There were plans to repair the Kirkuk-Baniyas pipeline, which once brought crude oil from northern Iraq to the Syria coast but was damaged during the 2003 US invasion of Iraq. In 2010, the countries scrapped those plans in favor of building three new pipelines between the two regions. 

There was also a plan to extend the Arab Gas Pipeline, which brought natural gas from Egypt to Jordan, Lebanon, and Syria. Under the new plan, it would extend into southern Turkey and eventually on to Europe. Most recently, plans were unveiled for a $10 billion Iran-Iraq-Syria gas pipeline that would bring natural gas from Iran’s South Pars field to the Syrian coast. 

That plan rankled Qatar, which had already announced plans for a similar pipeline in the region. The competition for access to the Mediterranean has drawn Sunni-dominated Qatar and Saudi Arabia deeper into the Syria issue, some analysts say.
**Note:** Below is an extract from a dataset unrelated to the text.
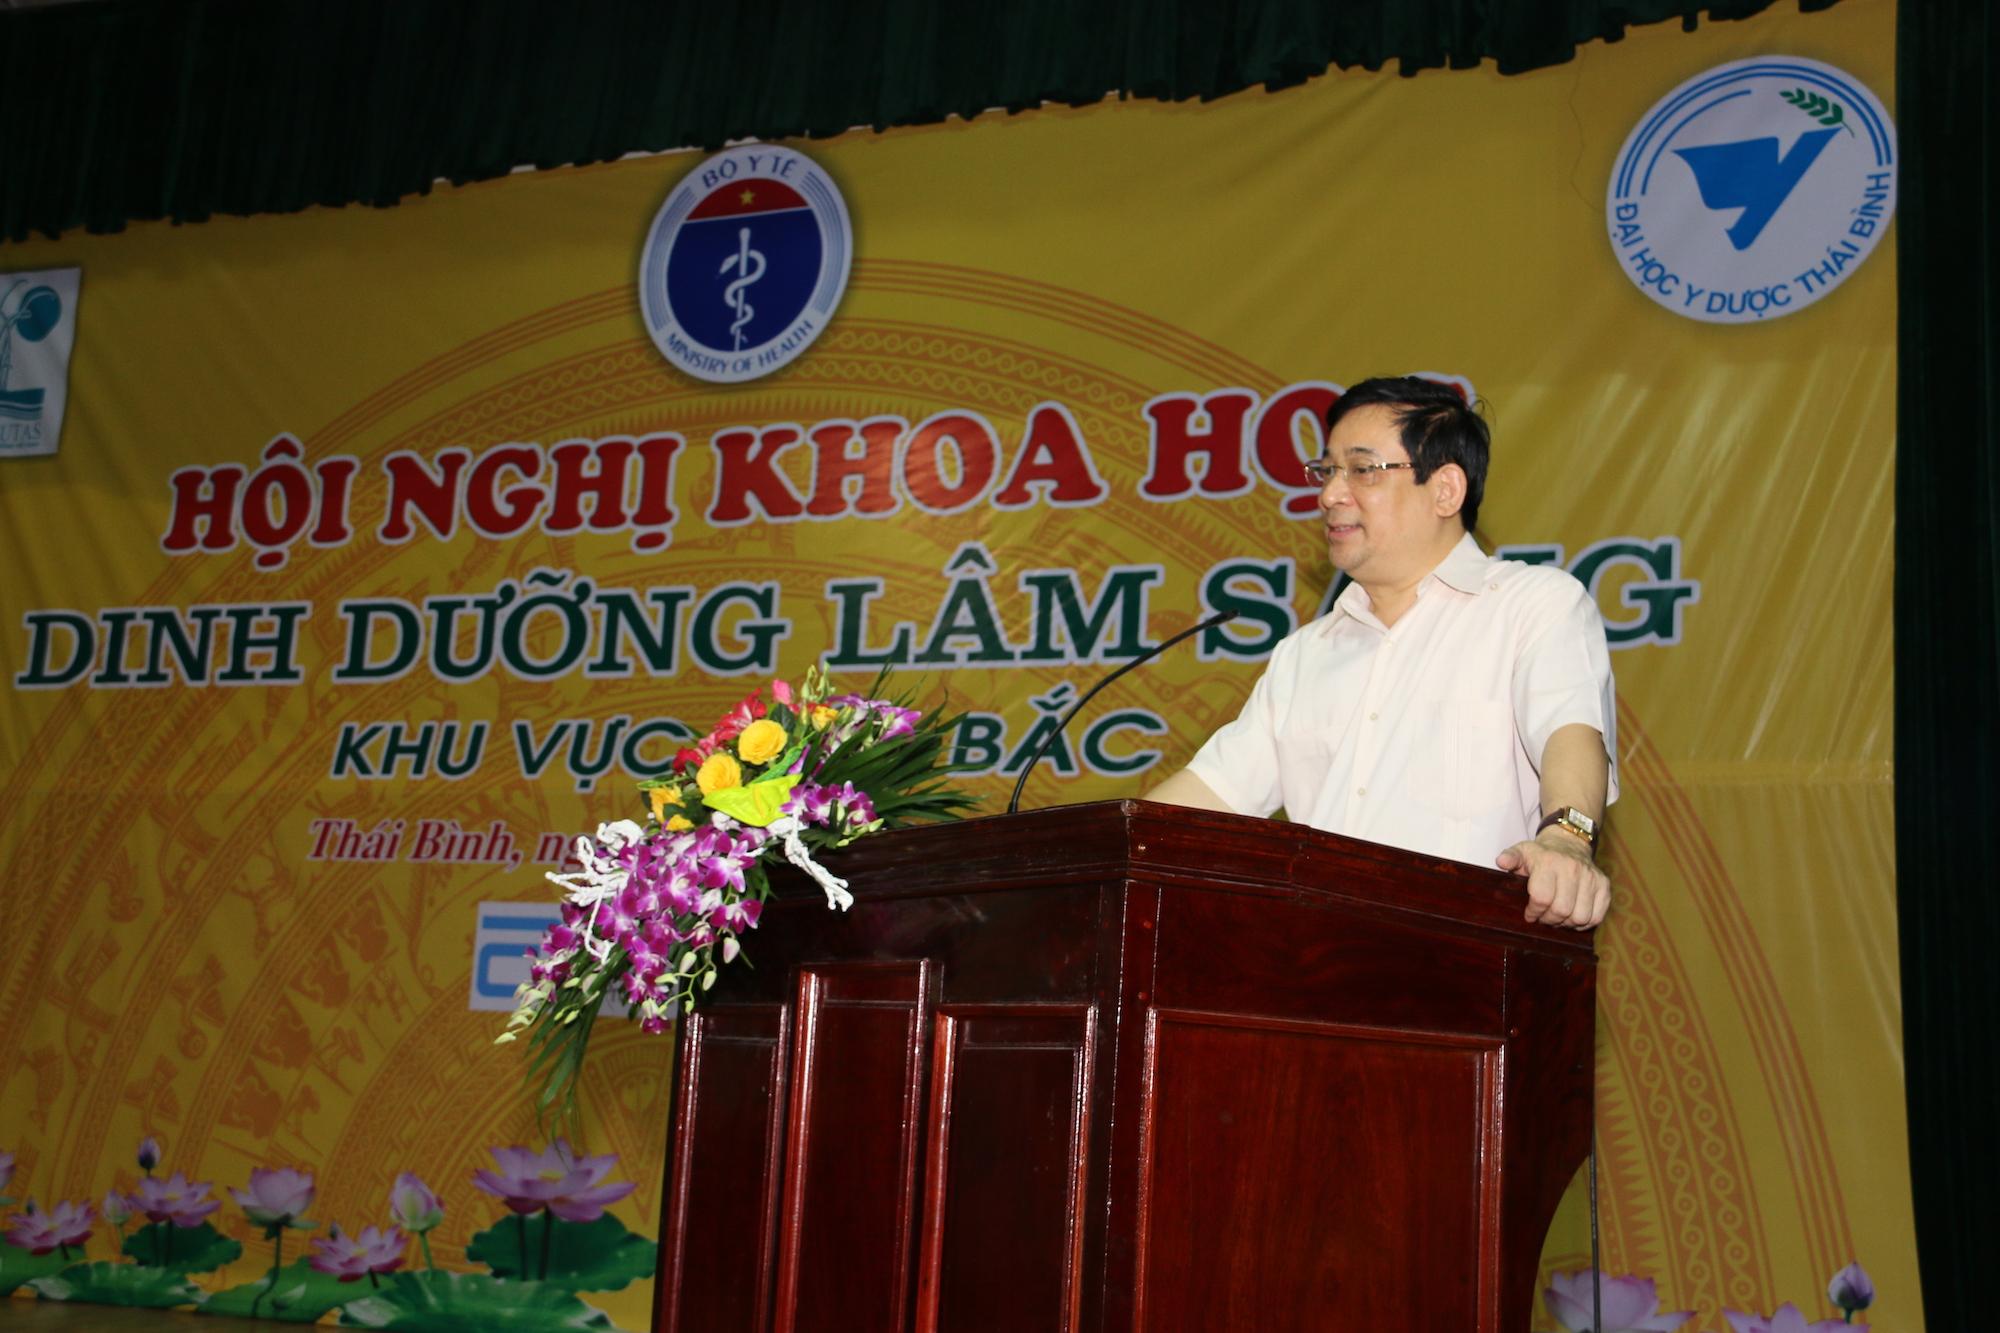 PGS.TS. Lương Ngọc Khuê – Cục trưởng Cục Quản lý Khám chữa bệnh phát biểu khai mạc hội nghị

"The Arabs view this 'Islamic' or 'Shi'ite' pipeline as serving Shi'ite interests: originating in Shi'ite Iran, traversing Shi'ite Iraq, flows through Shi'ite controlled Syria to supply the large European market," Christina Lin, a fellow at Johns Hopkins University's Center for Transatlantic Relations, wrote in an e-mail. "So Qatar and Saudi Arabia are responding in kind."

The 2011 Arab Spring, two and a half years of Syrian civil war, and outside geopolitical pressure have knocked our the supports for Assad's pipeline dreams. The Kirkuk-Baniyas pipeline remains offline and the extension of the Arab Gas Pipeline is undeveloped. Officials have said the Iran-Iraq-Syria pipeline could be complete between 2016 and 2018, but many analysts have doubts given the circumstances.

"The Middle East is fully of politically motivated pipeline projects that make no commercial sense and never see the light [of day]," Giacomo Luciani, adjunct professor of international affairs at The Graduate Institute, Geneva, wrote in an e-mail. "The bottom line is: [don't] hold your breath, this won't happen."  

Why It Matters

Energy: Competition for oil and gas resources underscores Middle East politics.

Economy: Disruptions to energy transit systems have stymied Syrian growth.